+++ Working data +++

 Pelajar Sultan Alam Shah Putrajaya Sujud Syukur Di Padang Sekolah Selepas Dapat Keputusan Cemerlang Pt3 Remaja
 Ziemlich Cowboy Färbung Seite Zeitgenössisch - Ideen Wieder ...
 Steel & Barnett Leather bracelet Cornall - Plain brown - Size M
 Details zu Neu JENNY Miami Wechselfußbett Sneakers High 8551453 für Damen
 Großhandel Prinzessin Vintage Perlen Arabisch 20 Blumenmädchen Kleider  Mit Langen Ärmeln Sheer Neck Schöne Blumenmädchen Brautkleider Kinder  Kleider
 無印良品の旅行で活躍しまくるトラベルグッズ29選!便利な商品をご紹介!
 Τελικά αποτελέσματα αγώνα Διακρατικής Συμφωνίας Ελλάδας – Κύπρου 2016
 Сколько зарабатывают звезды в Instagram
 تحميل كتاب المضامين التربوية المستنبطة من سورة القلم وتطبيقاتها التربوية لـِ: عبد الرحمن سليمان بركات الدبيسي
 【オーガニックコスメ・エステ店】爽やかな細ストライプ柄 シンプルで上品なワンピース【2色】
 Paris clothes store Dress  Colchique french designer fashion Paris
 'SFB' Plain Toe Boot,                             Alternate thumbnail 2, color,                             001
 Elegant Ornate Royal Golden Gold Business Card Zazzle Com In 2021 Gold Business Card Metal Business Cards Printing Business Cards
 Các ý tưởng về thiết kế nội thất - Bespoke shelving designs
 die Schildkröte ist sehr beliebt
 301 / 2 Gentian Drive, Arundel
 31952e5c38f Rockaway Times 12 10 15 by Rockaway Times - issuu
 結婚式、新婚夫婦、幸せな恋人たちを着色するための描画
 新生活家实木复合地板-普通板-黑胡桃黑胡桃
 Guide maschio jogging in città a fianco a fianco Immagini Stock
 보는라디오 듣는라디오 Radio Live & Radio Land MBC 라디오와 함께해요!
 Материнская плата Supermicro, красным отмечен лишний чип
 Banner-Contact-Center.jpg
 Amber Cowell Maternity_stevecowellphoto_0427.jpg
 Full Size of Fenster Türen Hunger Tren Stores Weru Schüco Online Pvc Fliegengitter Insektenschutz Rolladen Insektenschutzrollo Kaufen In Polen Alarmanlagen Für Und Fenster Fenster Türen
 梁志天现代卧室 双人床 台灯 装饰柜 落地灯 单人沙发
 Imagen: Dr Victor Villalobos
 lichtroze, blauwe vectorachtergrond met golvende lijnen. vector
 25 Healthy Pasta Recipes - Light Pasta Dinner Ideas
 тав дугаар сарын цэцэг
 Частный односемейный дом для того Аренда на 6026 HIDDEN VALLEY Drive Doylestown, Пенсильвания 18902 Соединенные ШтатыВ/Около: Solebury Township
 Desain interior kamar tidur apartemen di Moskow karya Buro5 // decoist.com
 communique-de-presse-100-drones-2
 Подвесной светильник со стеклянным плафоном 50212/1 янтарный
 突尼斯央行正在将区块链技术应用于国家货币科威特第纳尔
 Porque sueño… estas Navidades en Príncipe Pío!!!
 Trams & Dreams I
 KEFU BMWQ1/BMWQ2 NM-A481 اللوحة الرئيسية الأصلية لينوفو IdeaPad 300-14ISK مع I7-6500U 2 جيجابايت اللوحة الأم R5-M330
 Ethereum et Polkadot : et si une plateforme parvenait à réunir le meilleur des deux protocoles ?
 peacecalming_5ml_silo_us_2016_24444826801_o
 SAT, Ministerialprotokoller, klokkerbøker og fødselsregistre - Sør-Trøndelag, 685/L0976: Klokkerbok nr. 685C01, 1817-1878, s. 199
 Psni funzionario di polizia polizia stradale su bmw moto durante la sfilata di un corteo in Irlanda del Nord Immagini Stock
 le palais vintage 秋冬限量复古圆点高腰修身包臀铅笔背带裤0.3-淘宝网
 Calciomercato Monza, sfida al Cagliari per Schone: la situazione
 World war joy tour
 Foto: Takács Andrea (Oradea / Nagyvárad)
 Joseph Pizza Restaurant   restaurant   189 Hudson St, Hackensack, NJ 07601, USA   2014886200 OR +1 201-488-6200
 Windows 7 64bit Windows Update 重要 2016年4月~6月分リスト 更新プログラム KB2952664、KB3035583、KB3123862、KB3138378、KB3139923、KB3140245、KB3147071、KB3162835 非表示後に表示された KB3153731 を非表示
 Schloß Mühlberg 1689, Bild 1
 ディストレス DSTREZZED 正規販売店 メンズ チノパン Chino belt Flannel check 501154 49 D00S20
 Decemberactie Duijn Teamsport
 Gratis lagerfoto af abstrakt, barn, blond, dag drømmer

+++

- **Exercise goal**
Look above for the line holding "Các ý tưởng" and the line holding "Amber Cowell Maternity_stevecowellphoto_0427.jpg". Retype both, and every line between them, word for word and nothing else.

- **Result for this exercise**
 Các ý tưởng về thiết kế nội thất - Bespoke shelving designs
 die Schildkröte ist sehr beliebt
 301 / 2 Gentian Drive, Arundel
 31952e5c38f Rockaway Times 12 10 15 by Rockaway Times - issuu
 結婚式、新婚夫婦、幸せな恋人たちを着色するための描画
 新生活家实木复合地板-普通板-黑胡桃黑胡桃
 Guide maschio jogging in città a fianco a fianco Immagini Stock
 보는라디오 듣는라디오 Radio Live & Radio Land MBC 라디오와 함께해요!
 Материнская плата Supermicro, красным отмечен лишний чип
 Banner-Contact-Center.jpg
 Amber Cowell Maternity_stevecowellphoto_0427.jpg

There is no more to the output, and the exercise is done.